Coro de Câmara de Campina Grande e Coro Carlos Gomes: um encontro único de dois grandes coros brasileiros, neste fim de semana em Belém
O Coro de Câmara de Campina Grande apresenta em Belém neste final de semana, os espetáculos de sua turnê “Vozes Ancestrais: a música coral afro-indígena brasileira”, como parte do Circuito Funarte Pixinguinha de Música, contando com a participação do Coro Carlos Gomes, do Pará.
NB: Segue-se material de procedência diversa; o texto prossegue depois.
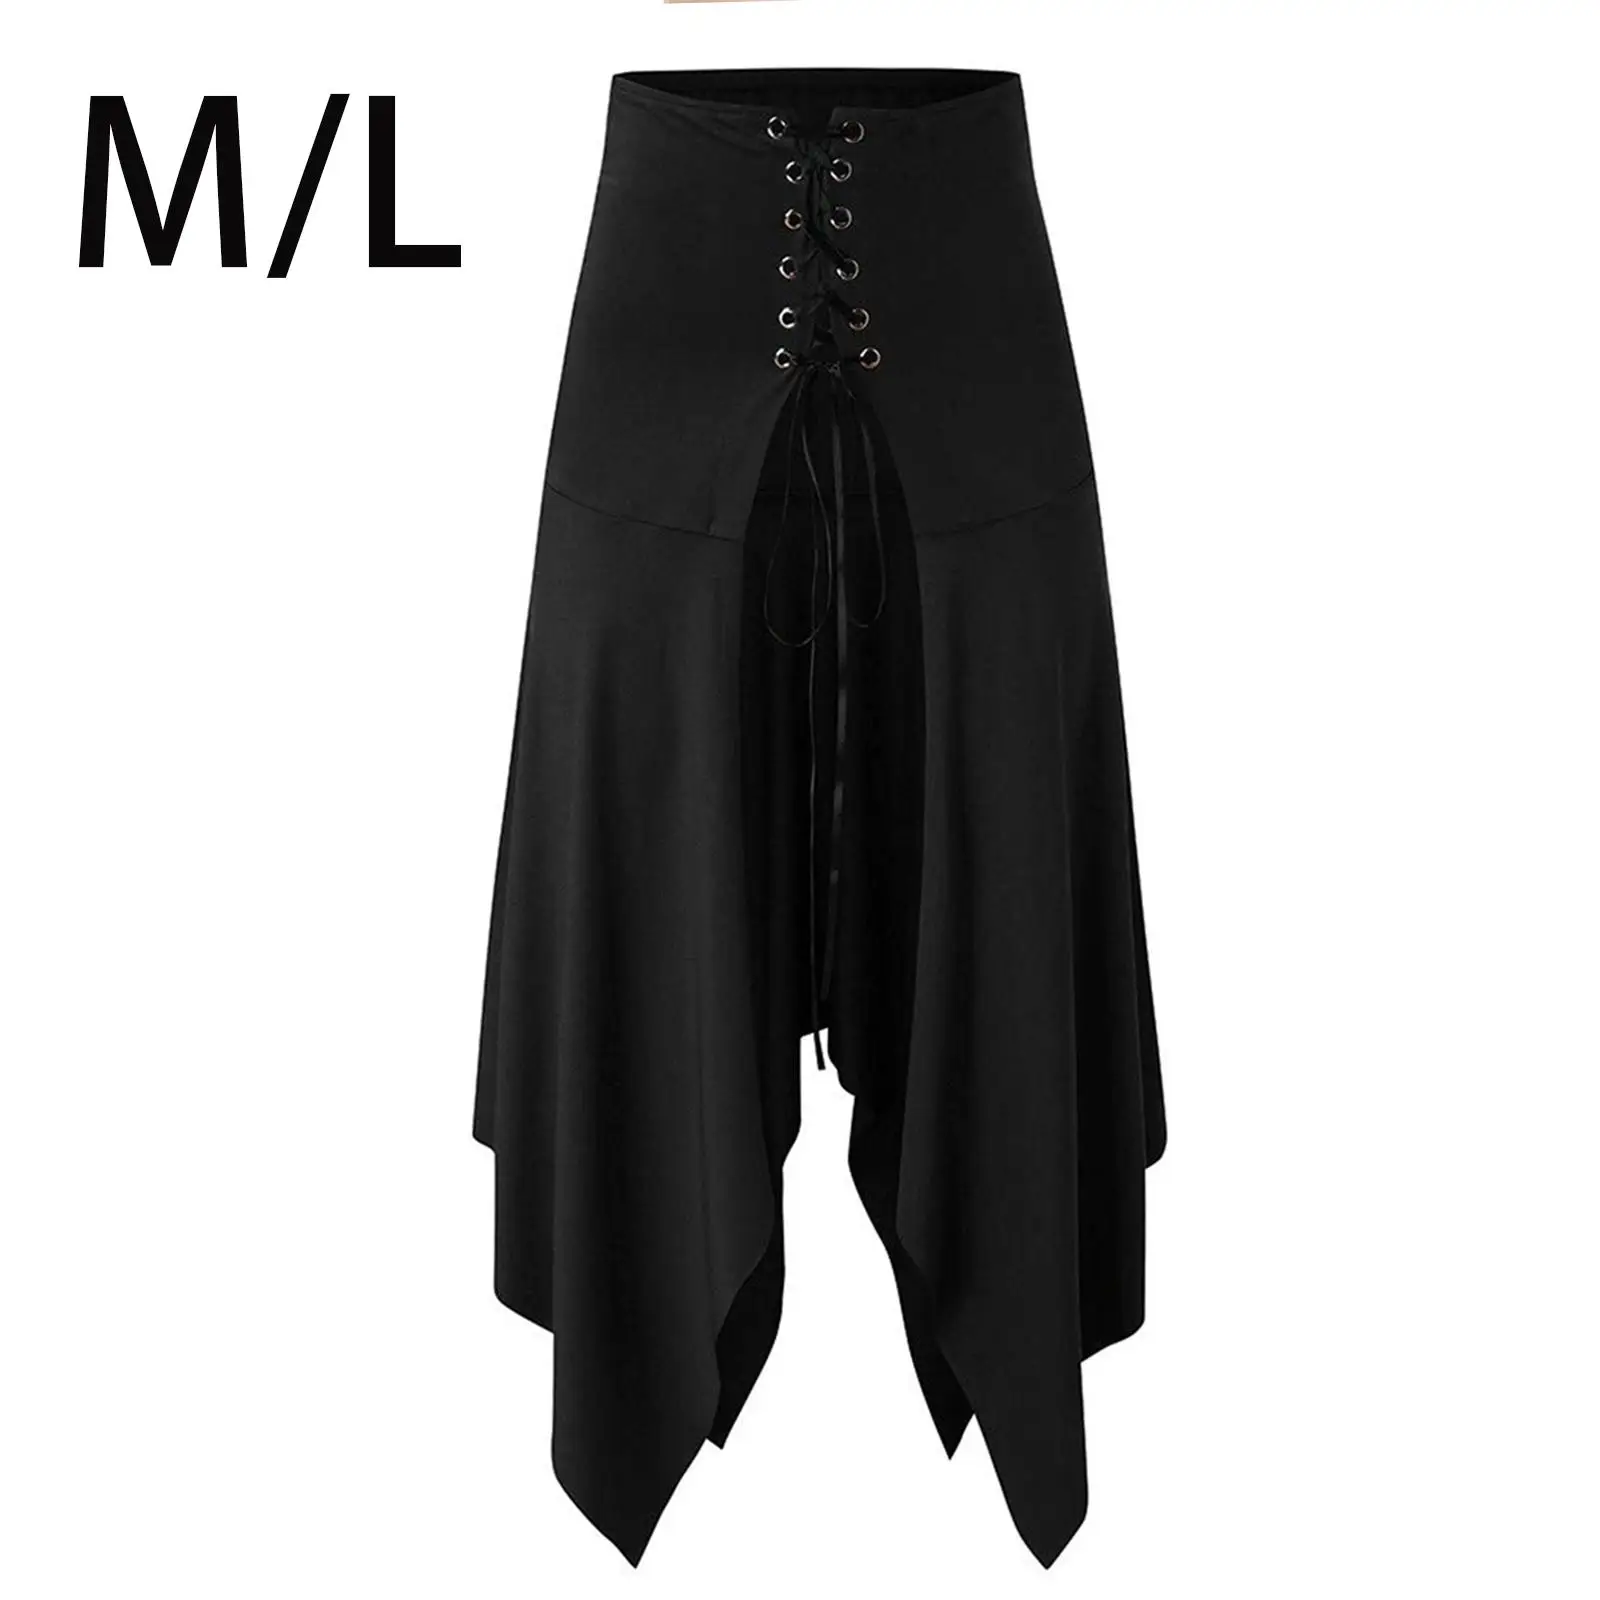 Womens Midi Skirt Tulle Skirts Adjustable Gothic Skirt Halloween Costume for Prom Festival Masquerade Carnival Fancy Dress

A turnê, que iniciou em Pernambuco e São Luís, chega a Belém com três concertos especiais e em seguida, desembarcam em Manaus-AM, com um repertório composto de compositores(as) brasileiros(as), que trazem elementos culturais advindos de tradições afro-indígenas; música sacra; e a obra recém estreada Cancioneiro Atlântico, do compositor potiguar Danilo Guanais, que une heranças brasileiras e portuguesas com estética armorial.
O Coro de Câmara de Campina Grande foi criado em 2010. Desde a sua fundação, já se apresentou em várias cidades da Paraíba, Pernambuco, Rio Grande do Norte, Ceará, Piauí, Bahia, São Paulo, Rio Grande do Sul, Estados Unidos, França e Portugal, sob a regência do seu maestro fundador e diretor artístico, Vladimir Silva, bem como de outros(as) convidados(as) do Brasil, América do Norte e Europa.
Em 2017, por exemplo, estreou a Missa de Alcaçus, de Danilo Guanais, no Carnegie Hall, em Nova Iorque.O grupo tem se dedicado à performance de obras do renascimento ao período contemporâneo, destacando, nesse contexto, a música brasileira, sobretudo de compositores(as) de sua região.

Já o coro paraense foi criado quando a maestrina cubana Maria Antônia Jiménez chegou a Belém, para ministrar aulas de canto coral no Instituto Carlos Gomes.
Esta será a segunda vez que o Coro Carlos Gomes se apresentará junto ao Coro de Câmera de Campina Grande. Em novembro de 2023, os grupos integraram a programação do Festival Música Dei, em Porto Alegre-RS.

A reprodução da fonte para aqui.